* _Material provided_:
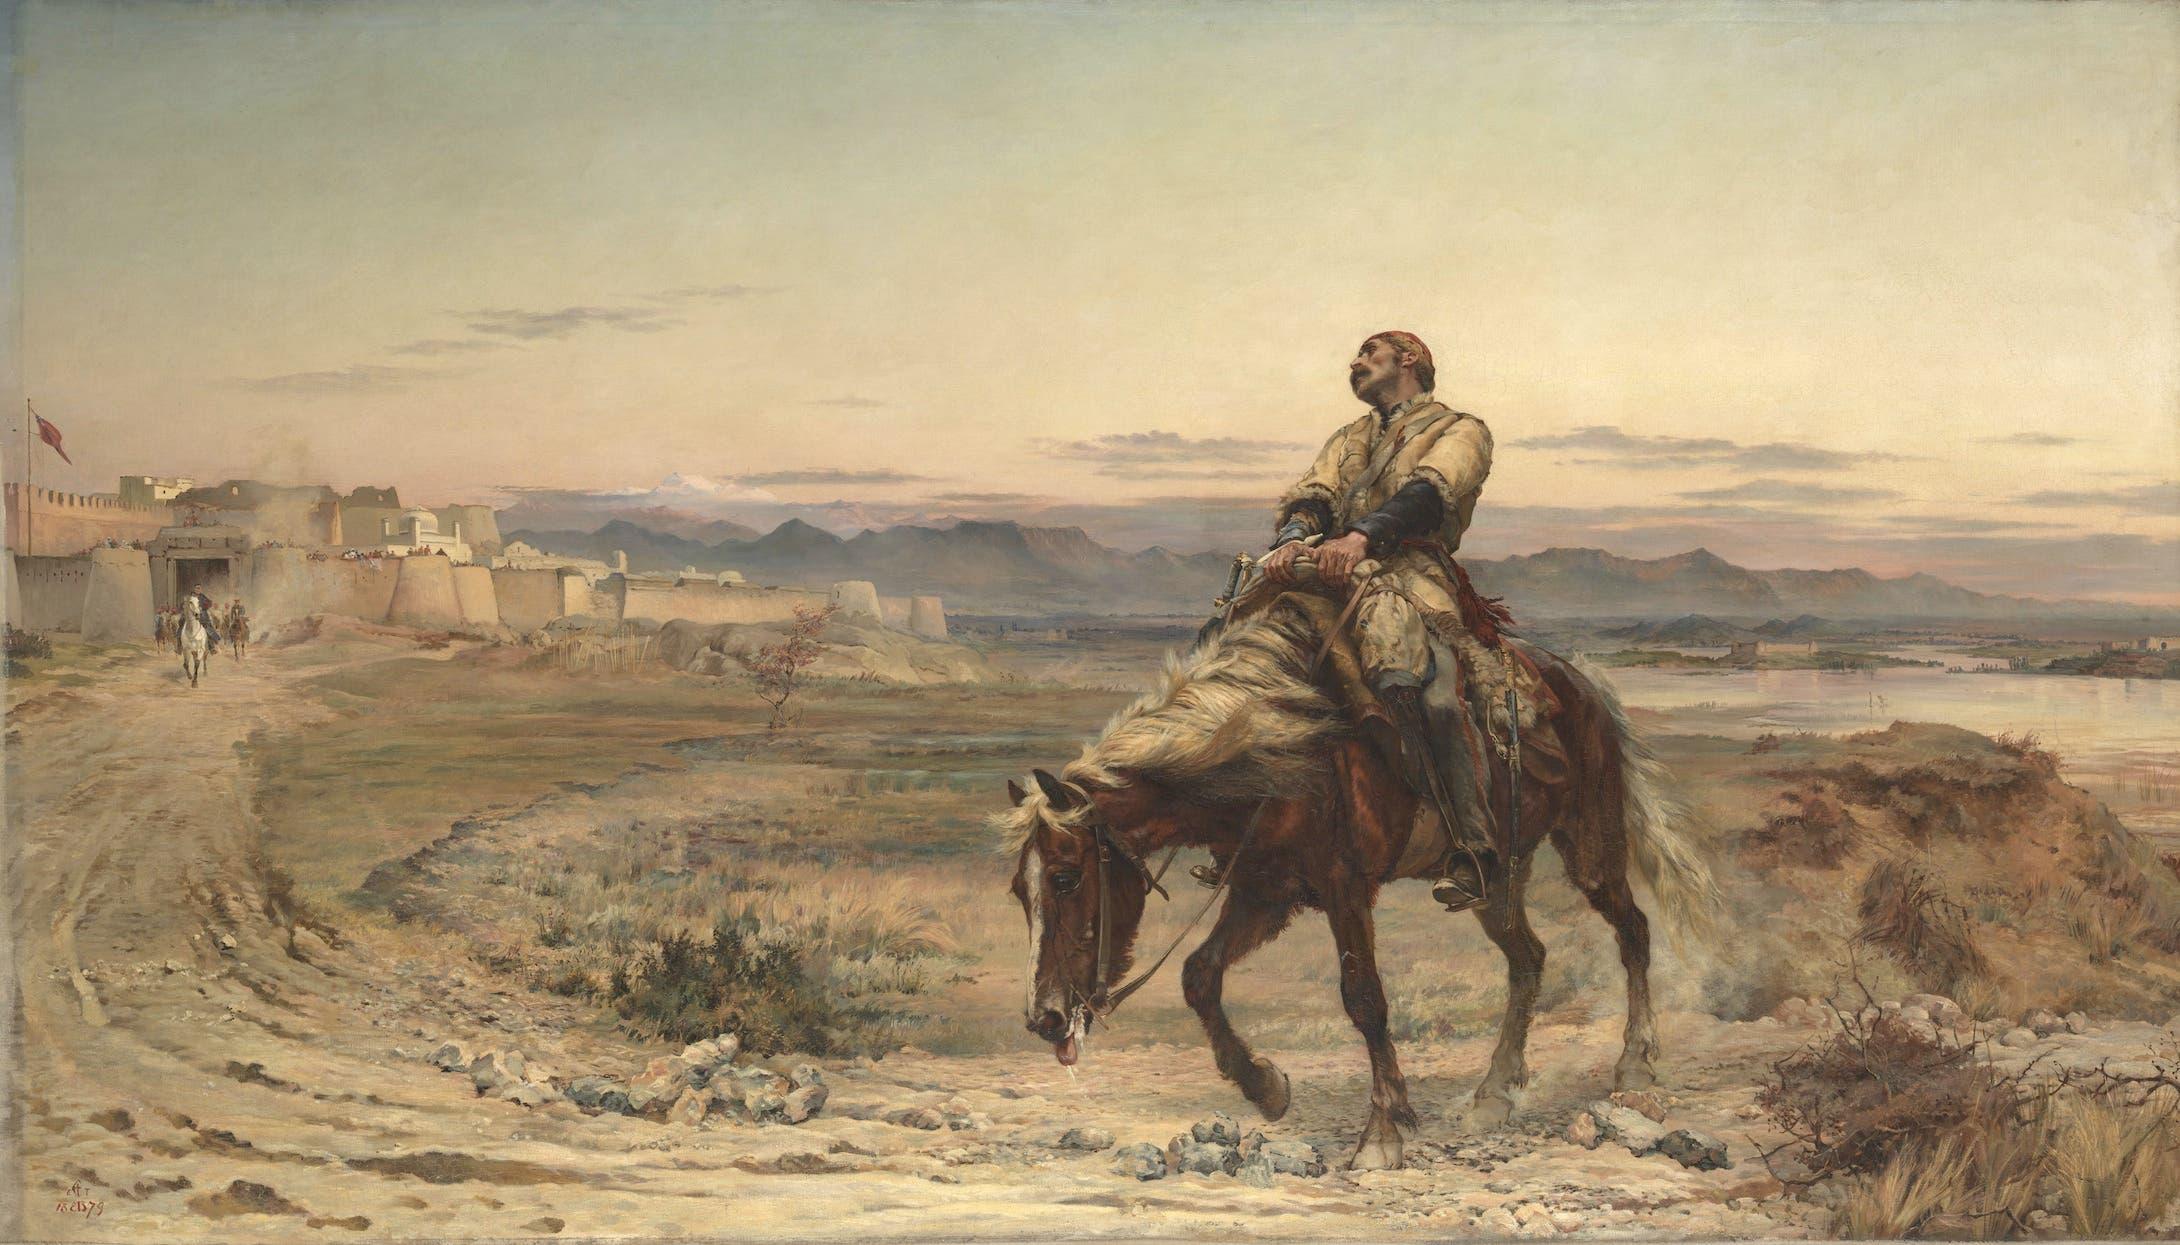 لوحة بقايا الجيش التي تجسد الناجي الوحيد
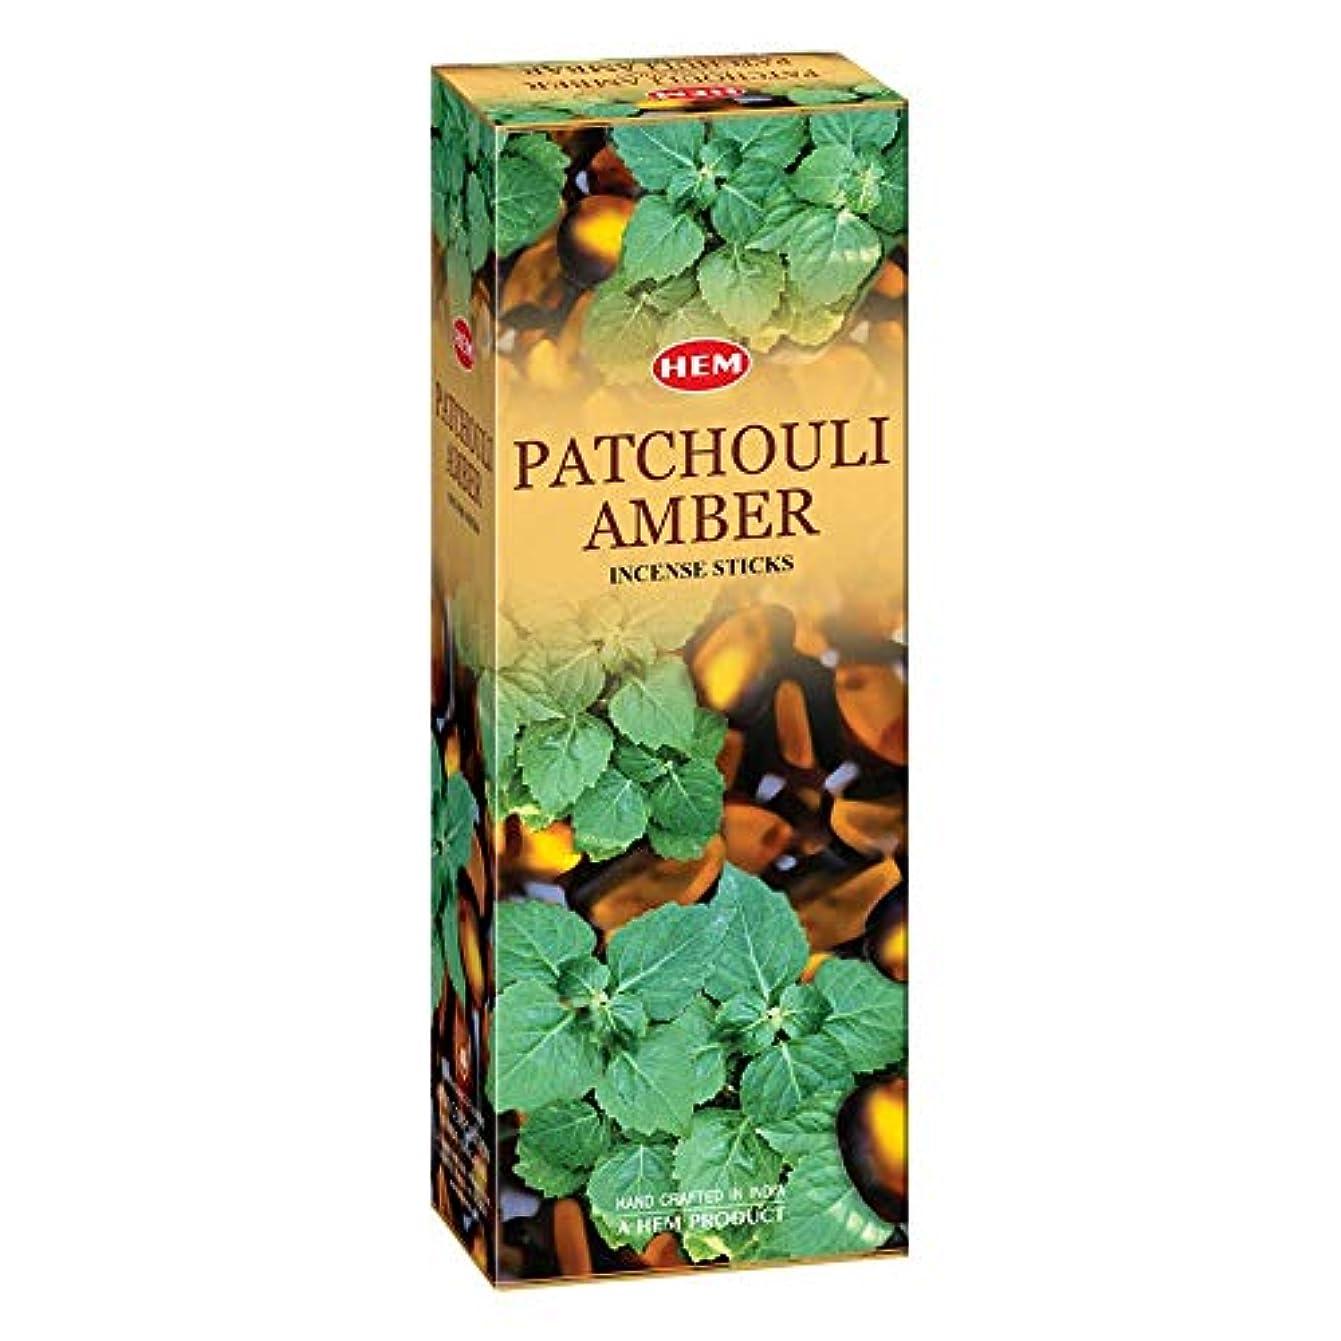 熱狂的な望ましい知覚Hem Patchouli Amber Incense Sticks(9.3 cm X 6.0 cm X 25.5cm, Black)
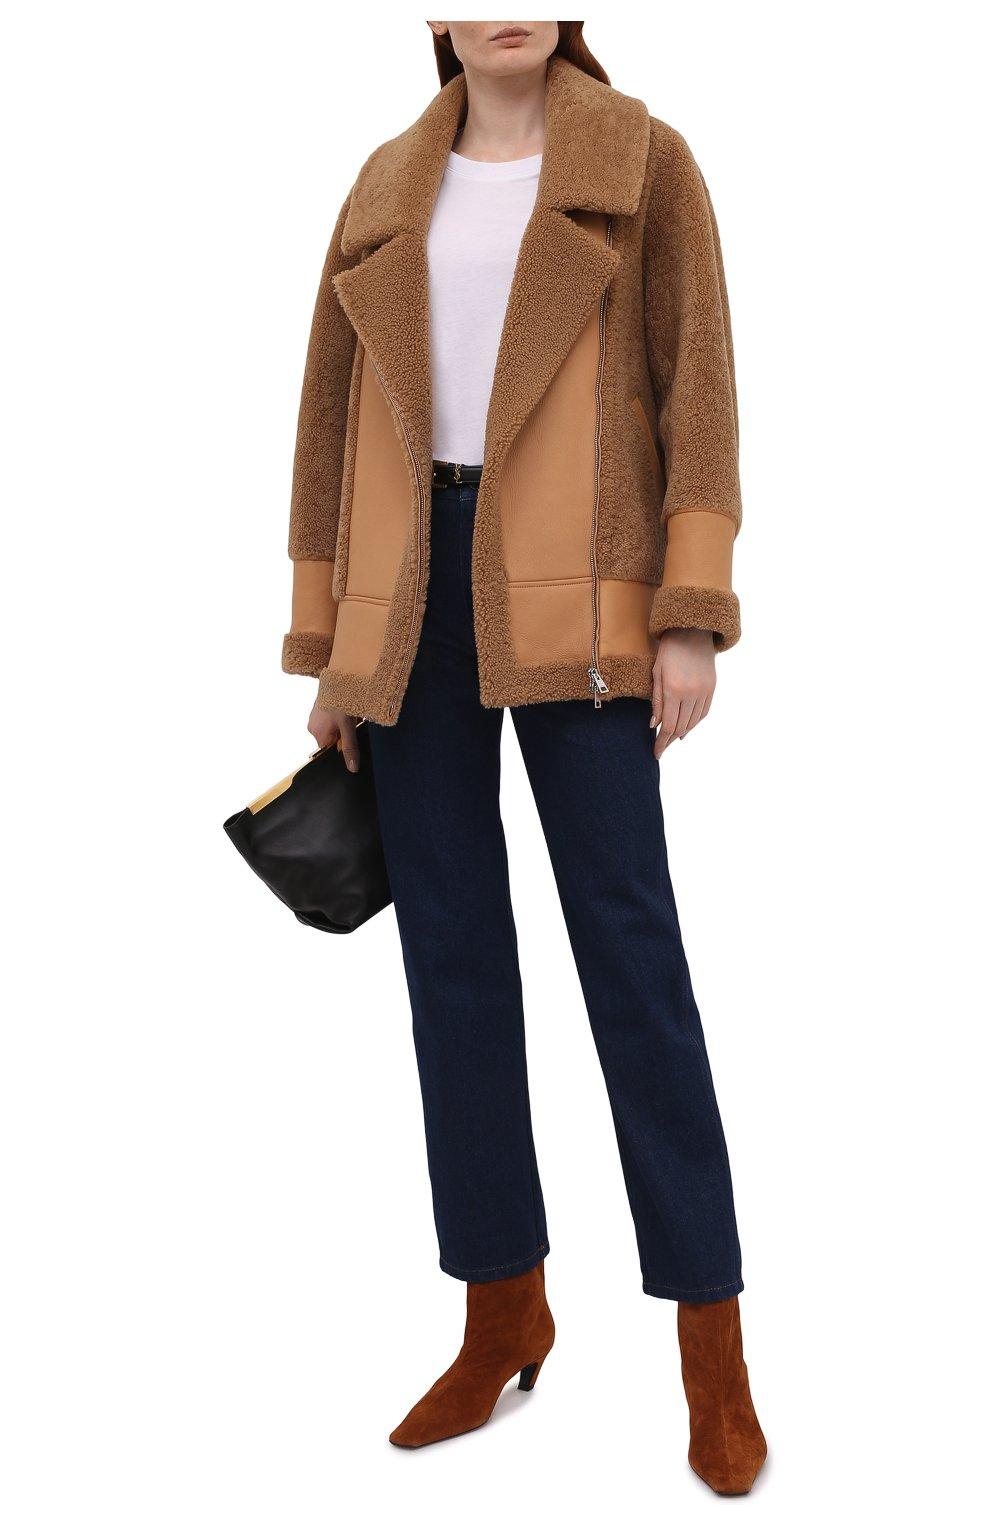 Женская дубленка BLANCHA коричневого цвета, арт. 21047/302/42/VAR. CAMMELL0   Фото 2 (Рукава: Длинные; Стили: Гламурный; Материал внешний: Натуральный мех; Длина (верхняя одежда): Короткие)
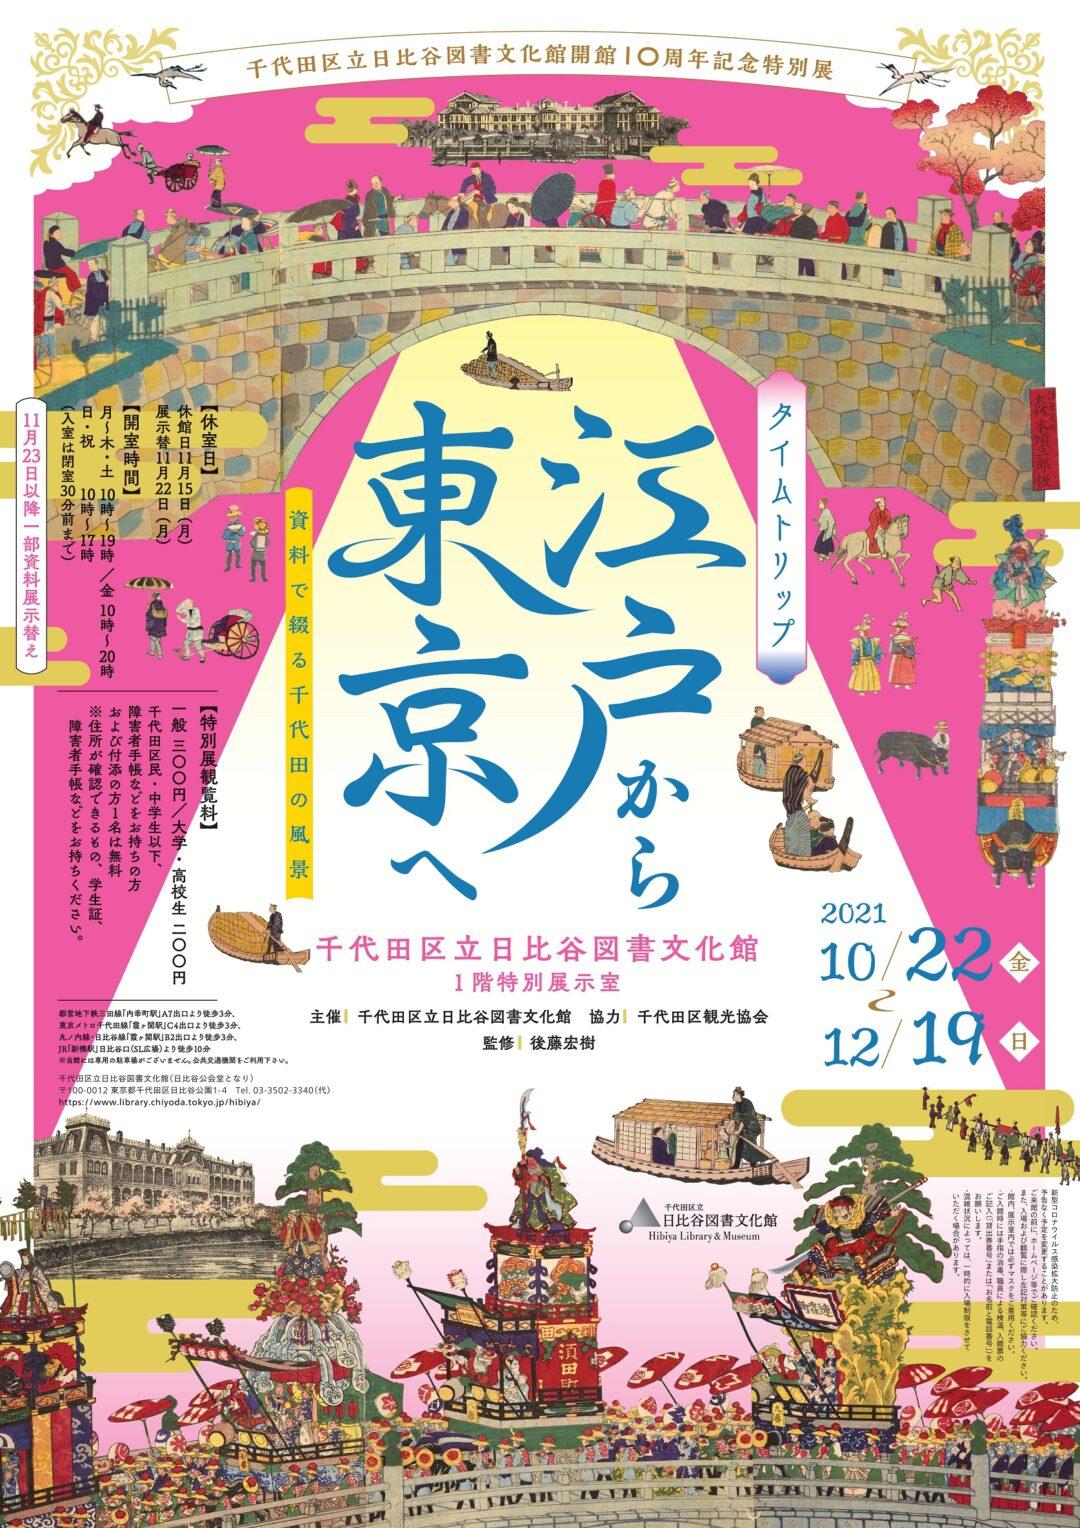 江戸から東京への変貌を見る タイムトリップする展覧会

* _Your assignment_:
Restate the data above exactly, stripping out each image.

* _Answer section_:
 لوحة بقايا الجيش التي تجسد الناجي الوحيد
 熱狂的な望ましい知覚Hem Patchouli Amber Incense Sticks(9.3 cm X 6.0 cm X 25.5cm, Black)
 Женская дубленка BLANCHA коричневого цвета, арт. 21047/302/42/VAR. CAMMELL0   Фото 2 (Рукава: Длинные; Стили: Гламурный; Материал внешний: Натуральный мех; Длина (верхняя одежда): Короткие)
 江戸から東京への変貌を見る タイムトリップする展覧会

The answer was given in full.